Even if I am wrong with all of this, I feel "in my heart" that if all people connected with this knowing within themselves, we'd collectively experiencing a very different eternal and internal world.
The chains of external government would become unnecessary and fall away if everyone governed themselves. I don't know what this world looks like exactly. I don't know specifically how people would organize and cooperate to do things that cannot be done as an individual, but I do know that taking the first step to not initiate force against any other being would go a long way.
What about the roads?
What about the gangs of not enlightened people that wish to do violence?
What about the weak/sick/poor people that cannot or will not take care of themselves?
A bunch of morally healthy happy people with all their needs met now have the opportunity and perspective to chose to help build roads, or protect the weak from the violent, and take care of the sick. They will not be forced to do so, but do so out of a place of compassion, strength and love.

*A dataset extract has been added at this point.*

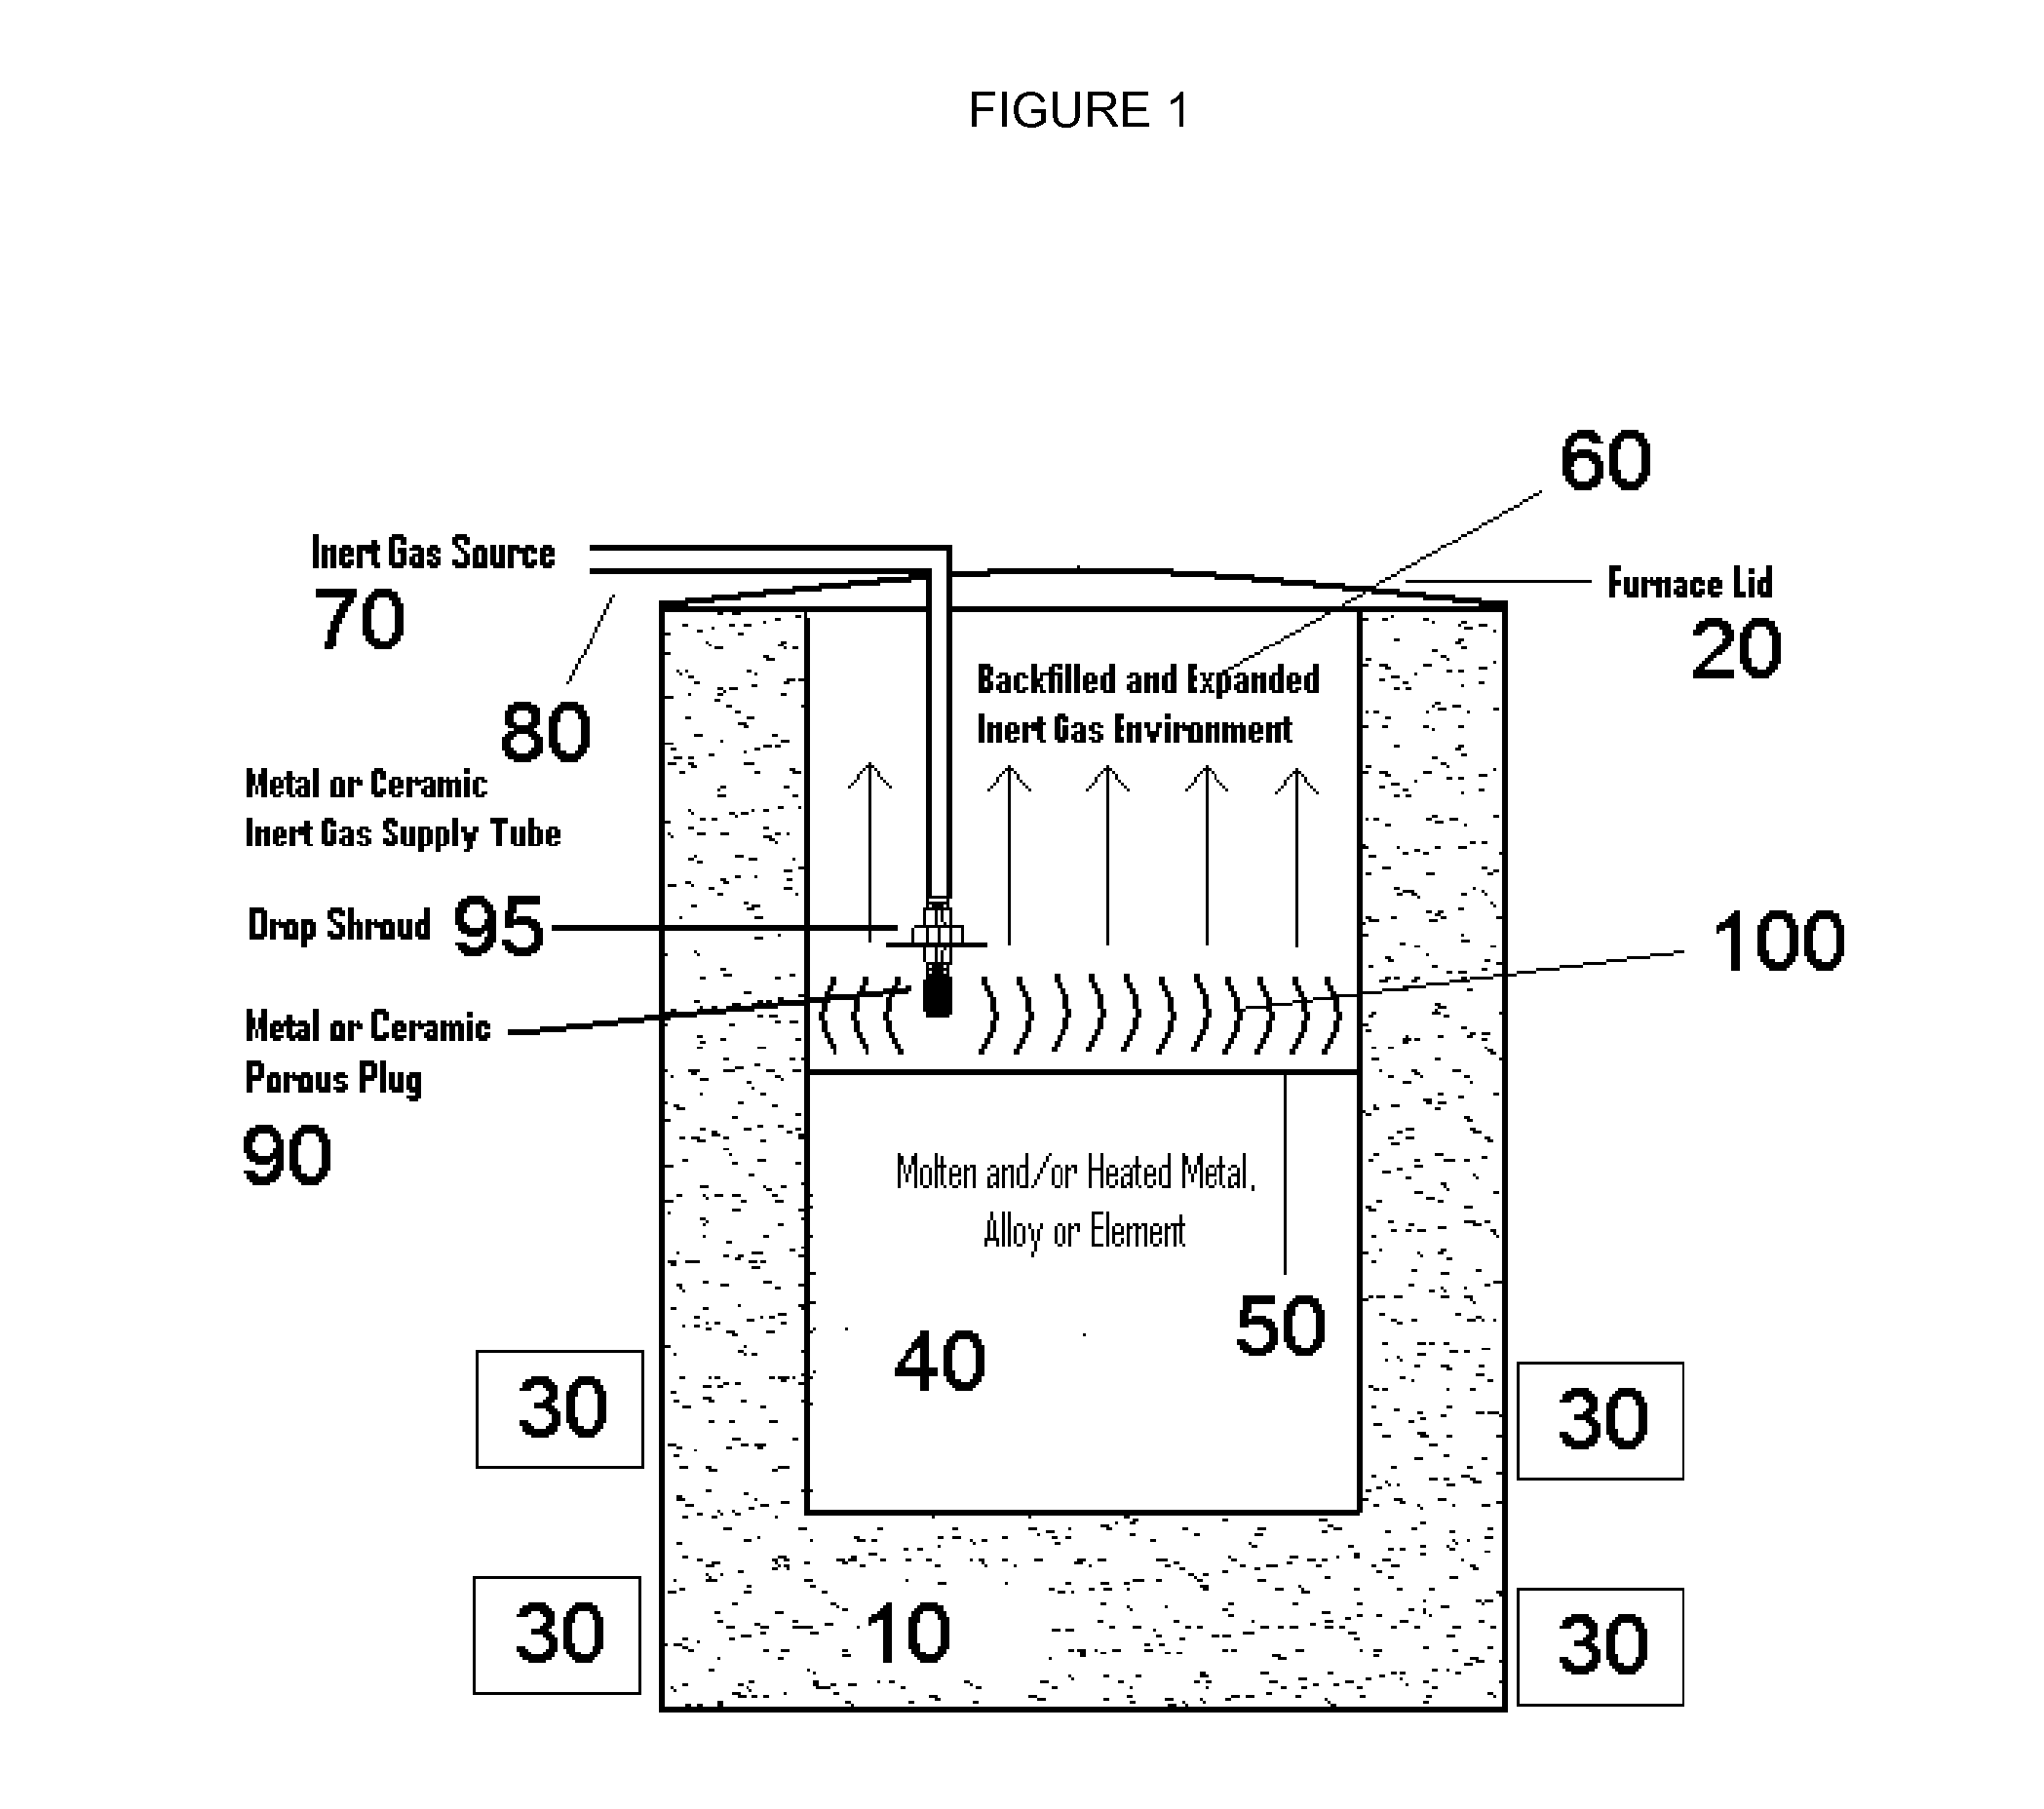 Apparatus and Method for Metal Surface Inertion by Backfilling

We can try to coerce, force, and beat the world into submission externally, but how can we hope to achieve peace externally if we don't find it within first?
I hope that if nothing else, this is interesting to read. I don't expect, or even wish to "change you", just share my experience and my dream. I very much do wish to see a peaceful world, where humans collaborate on great works of art, travel to the stars, into the quantum realm, experience the fullness of reality, and cease to suffer. If any of this resonates, it's because a part of you has these same visions, same thoughts and same "conscious" experience as I do. Or put another way, you speak enough of the same language that a part of you recognizes a part of, and we realize we're not all alone, separate and different, but do share something fundamental and good.